— Госпожа Морра, — голос был низкий, глухой и какой-то сонный. — Нам пора объясниться.
Чашка дрогнула: вриогидра не любила, когда с ней говорят в таком тоне. Обычно это плохо кончалось для говорящего.
— Не смотрите так, госпожа Морра, — в голосе говорящего, по-прежнему сонном, проскользнуло что-то вроде иронии. — Эта скотина живуча очень. Минут пять ещё будет живая… А, чтоб вы знали. Электорат, который перед вами стоит — он спит в прямом эфире. Он ничего не понимает. Что-то вроде рупора. Через который я говорю. Точнее, вещаю.
— Спит? — не поняла вриогидра.
— Чтобы разговаривать, не обязательно бодрствовать. Чтобы жить — тоже, — ответил собеседник. — Что касается менэ-э-аааа… — существо смачно позевнуло.
— Я уже поняла, что это вы, Алхаз Булатович, — вздохнула Морра безрадостно. — Вы по какому вопросу?
— Вы знаете, Алла, — сказало существо. — Я предупреждал.
— Что значит «предупреждал»? — голос вриогидры зазвенел от гнева.
— Опять вы шлазите. Доведёте до инсульта мою зверюшку. Это как мобильник разбить, чтобы избежать разговора неприятного … А, вы не знаете, мобильник что такое. Вы вообще знаете мало.
— Ещё раз спрашиваю — вы по какому делу? — нажала Морра.

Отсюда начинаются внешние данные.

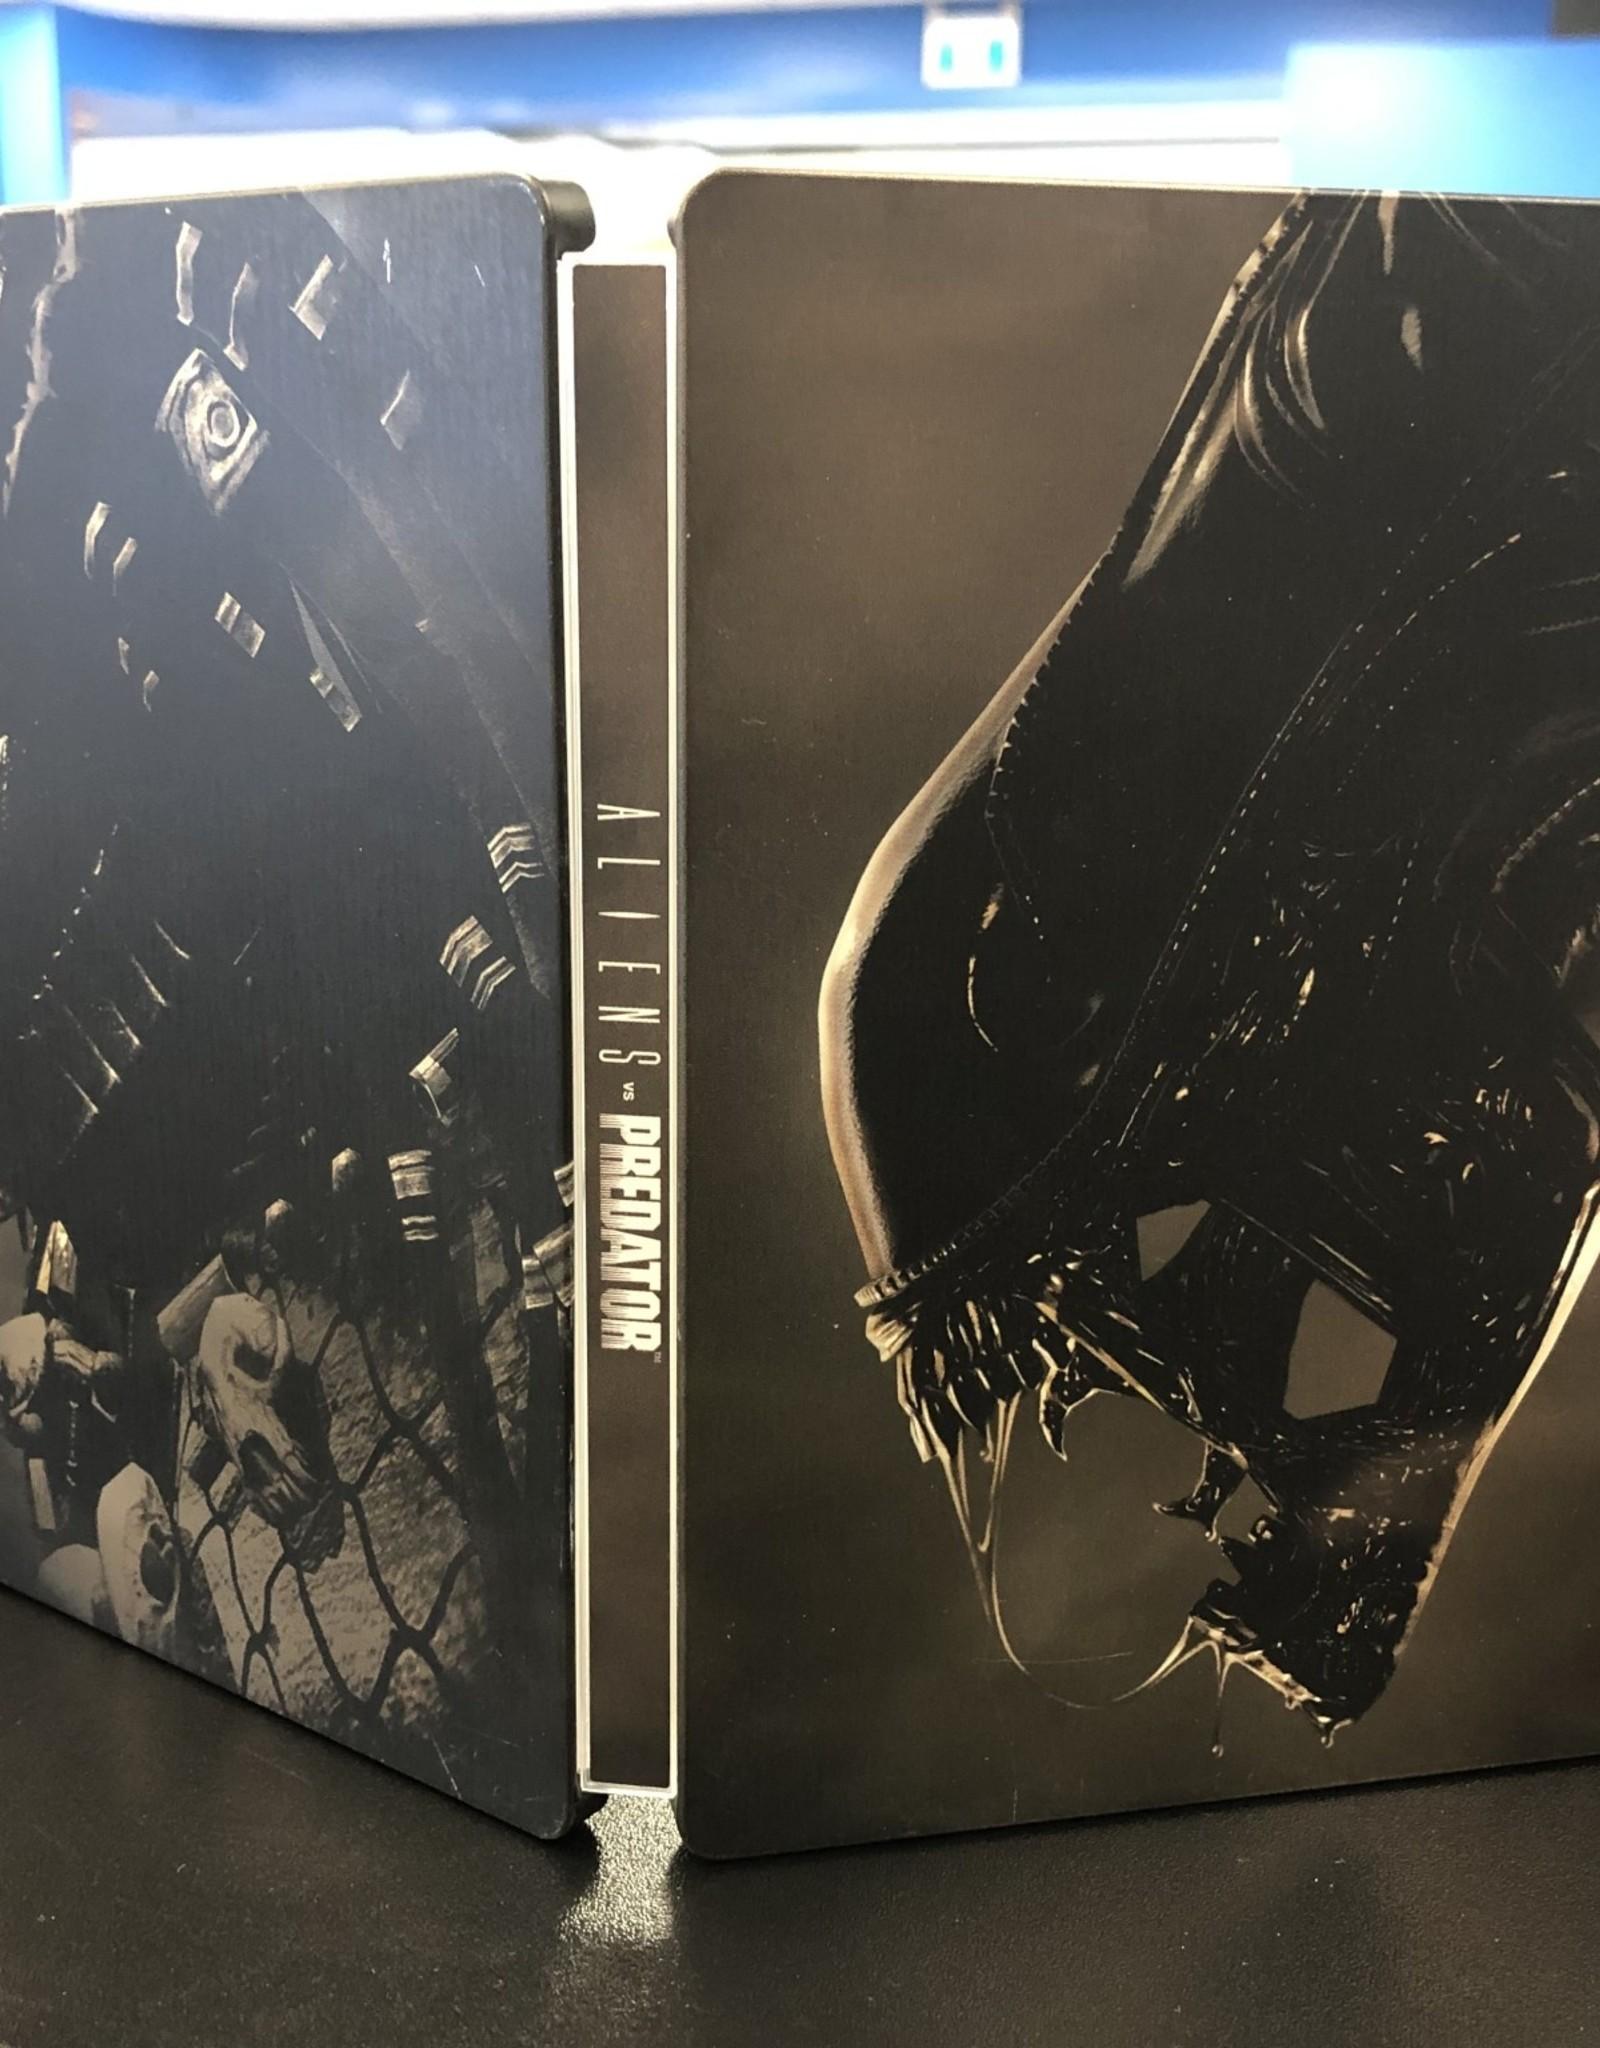 Playstation 3 Aliens vs. Predator (Steelbook)

— По такому. Вы не должны бывать в эфире. Никогда. Я требую, чтобы вы поклялись мне в этом сейчас.
— Но почему?! — закричала вриогидра. Чашка испуганно ойкнула — ей показалось, что пальцы госпожи её сейчас выпустят.
— Если я скажу, поклянётесь? — уточнило существо.

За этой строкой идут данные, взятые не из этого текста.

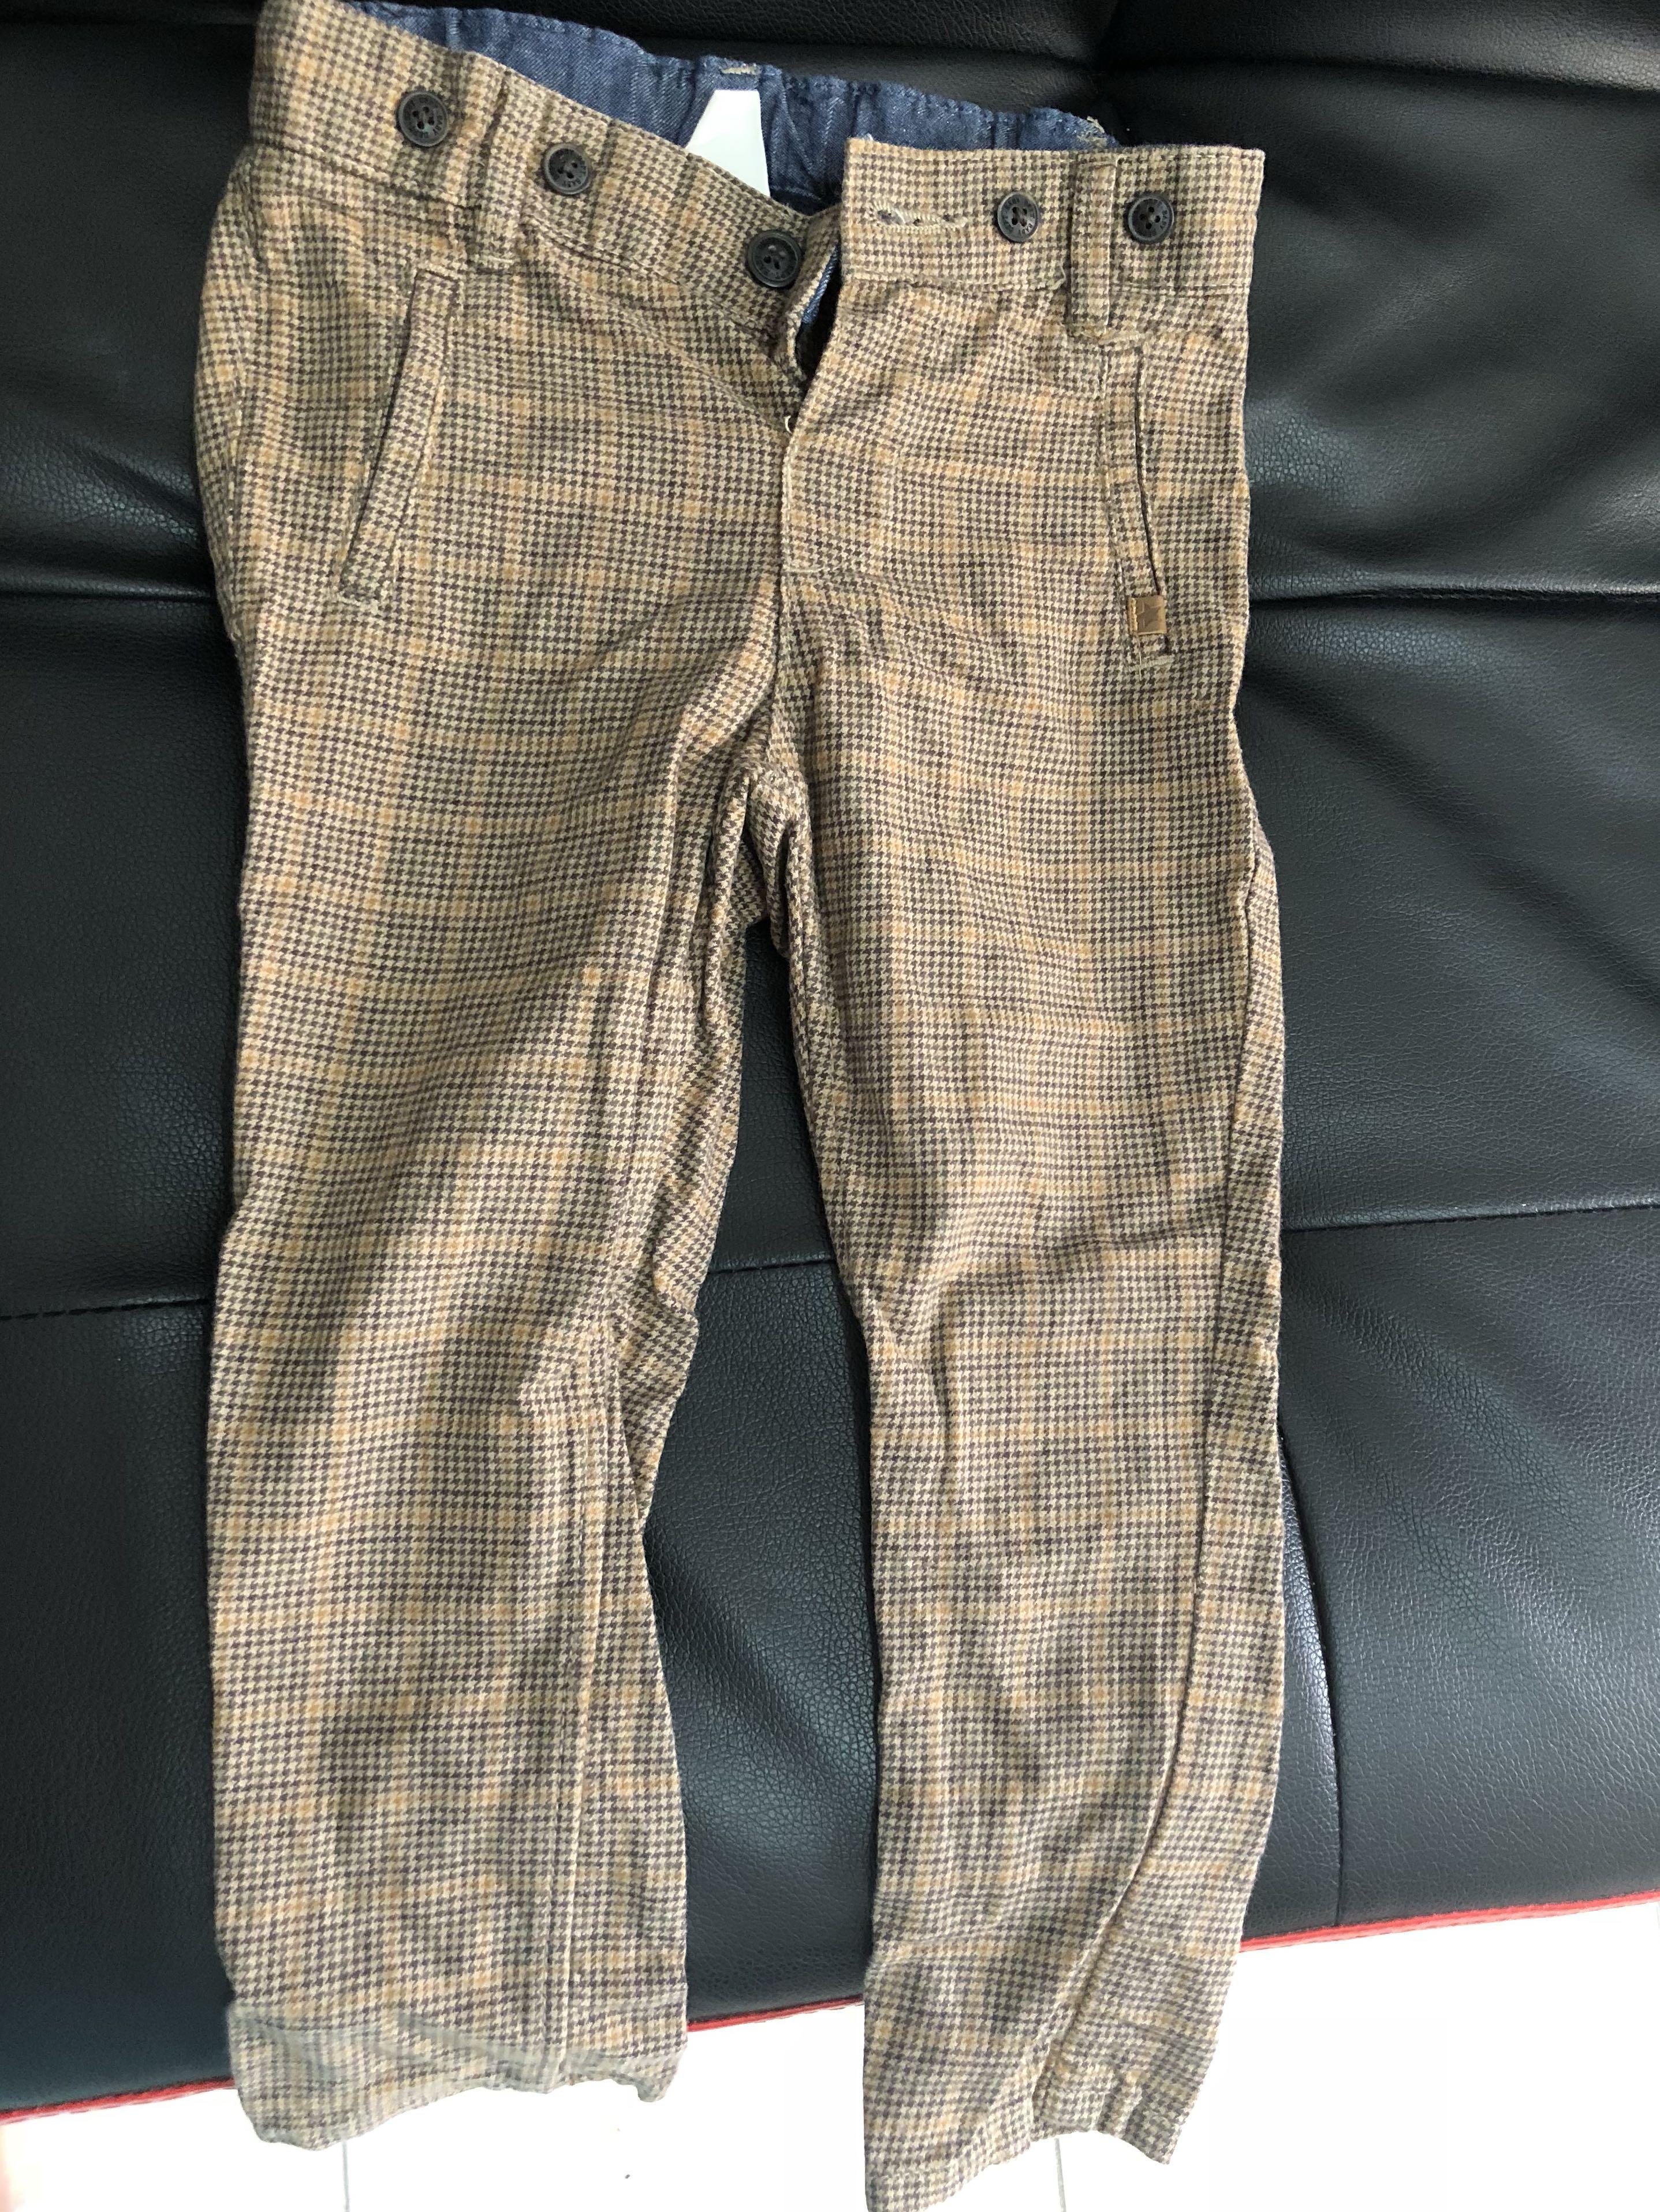 181ee45675 H&M Long Pants, Babies & Kids, Babies Apparel on Carousell

— Не знаю, — сказала Морра. — Вероятно, нет.
— А давайте попробуем. Вы хоть представление имеете, сколько мне лет?
— Догадываюсь, — Морра произнесла это сквозь зубы.
— Вряд ли. Вы знаете, что я старше. Но не знаете, сколько. Я умер до Хомокоста. Задолго. Недооценил южных людей. Те оказались жёстче. Меня зарезали как барана. Как это было пошло! Пошло и больно. Хотя цитаты из «Телёнка тоже пошло. Но мне было долго заняться нечем, понимаете? Кроме вот читать старые книги, что в моей памяти. Я всё вспомнил. Даже детское самое. Например вот: Ленин хойокло атабыз{232}, хар сак безмен менэн, без унын расамын бизяйбез, гэл асыл сэскэ менэн. Меня в Уфе научили. Мы тогда жили в Уфе. Это был такой город.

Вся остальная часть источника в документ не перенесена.